Arapaima

 The arapaima, pirarucu, or paiche (Arapaima) is a genus of bonytongue native to the Amazon River in Brazil. They are the largest freshwater fish of South America. Arapaima can reach lengths of more than 2 m (6 ft 7 in), in some exceptional cases even more than 2.5 m (8 ft 2 in) and over 100 kg (220 lb). The maximum recorded weight for the species is 200 kg (440 lb).

As one of the most sought after food fish species in South America, it is often captured primarily by handheld nets for export, by spearfishing for local consumption, and onsequently, large arapaima of more than 2 m (6 ft 7 in) are seldom found in the wild today. The arapaima is torpedo-shaped with large blackish-green scales and red markings. It is streamlined and sleek, with its dorsal and anal fin set back near its tail. Its local name, paiche, derives from the indigenous words for "red" and "fish".

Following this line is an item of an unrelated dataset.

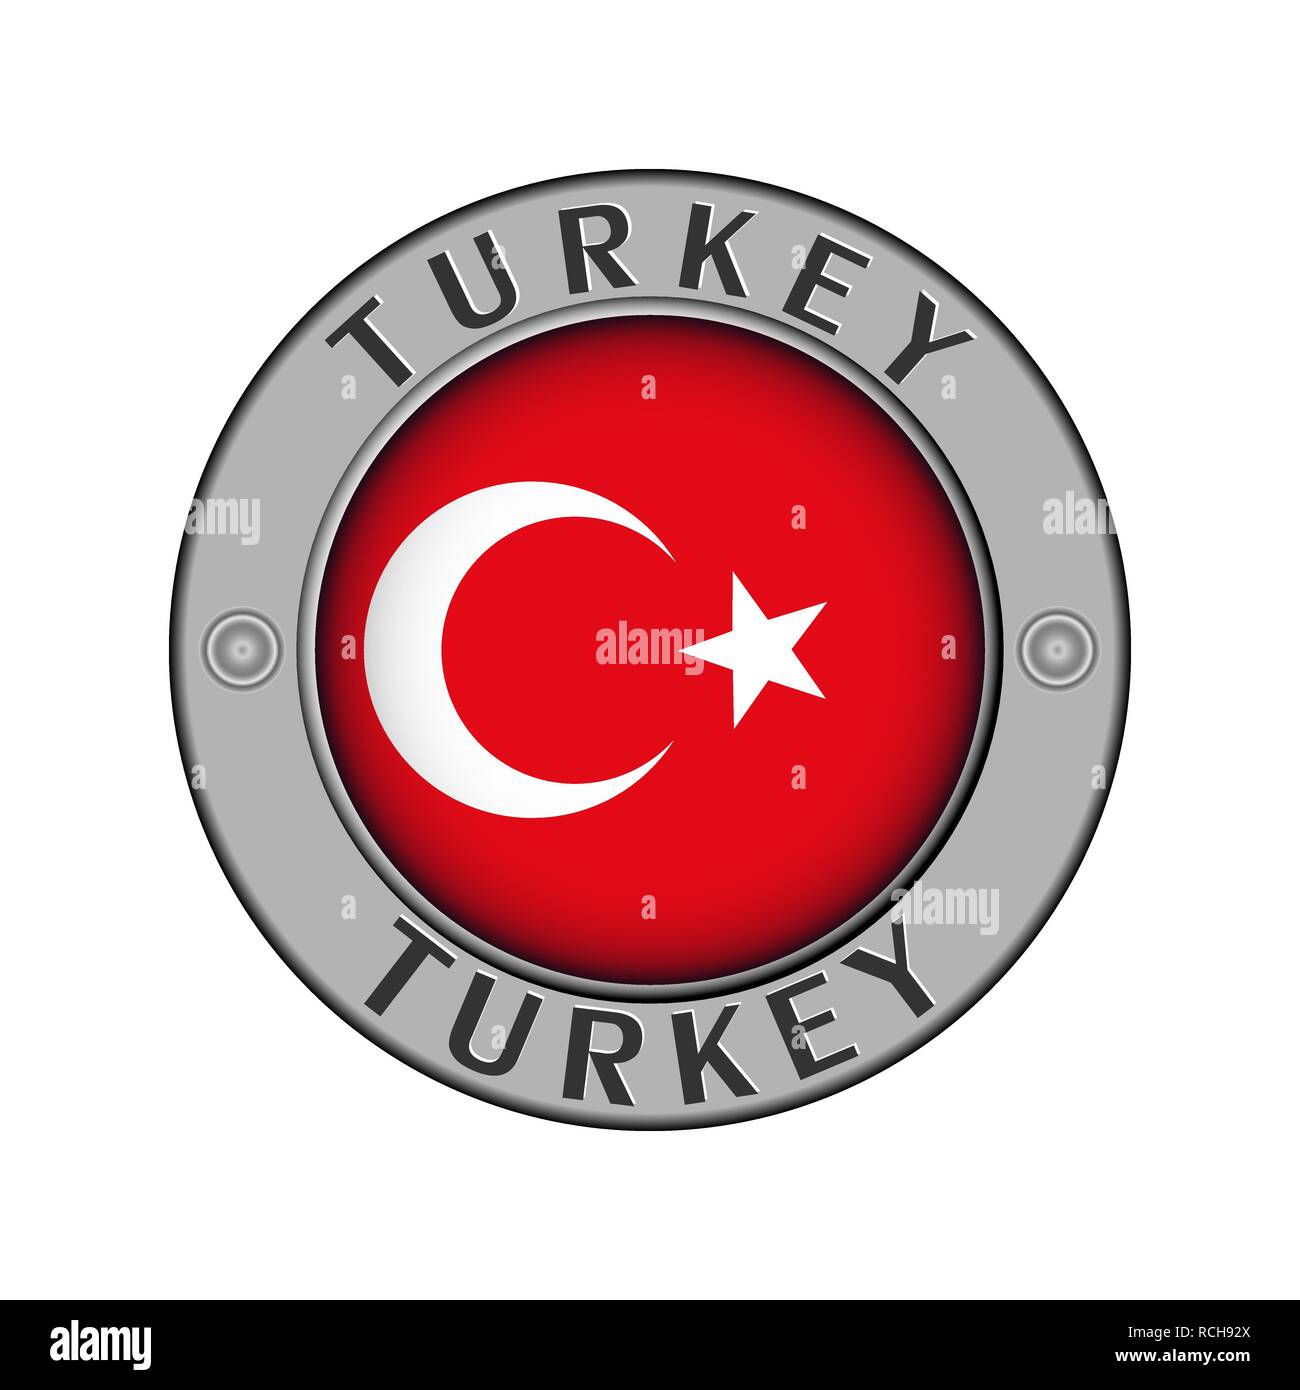 Rotondo di metallo medaglione con il nome del paese la Turchia e un indicatore rotondo nel centro Illustrazione Vettoriale

     Fishing. Commercial fishing of the arapaima has been banned by the Brazilian government due to its commercial extinction. Fishing is allowed only in certain remote areas of the Amazon basin, and must be catch-and-release, or harvesting by native peoples for consumption. Because the arapaima produces boneless steaks it is considered a delicacy; some 7000 tons per year were taken from 1918 to 1924, the height of its commercial fishing. The demand for the arapaima has led to farming of the fish by the "ribeirinhos" (as Brazilians call those living on the riverbanks).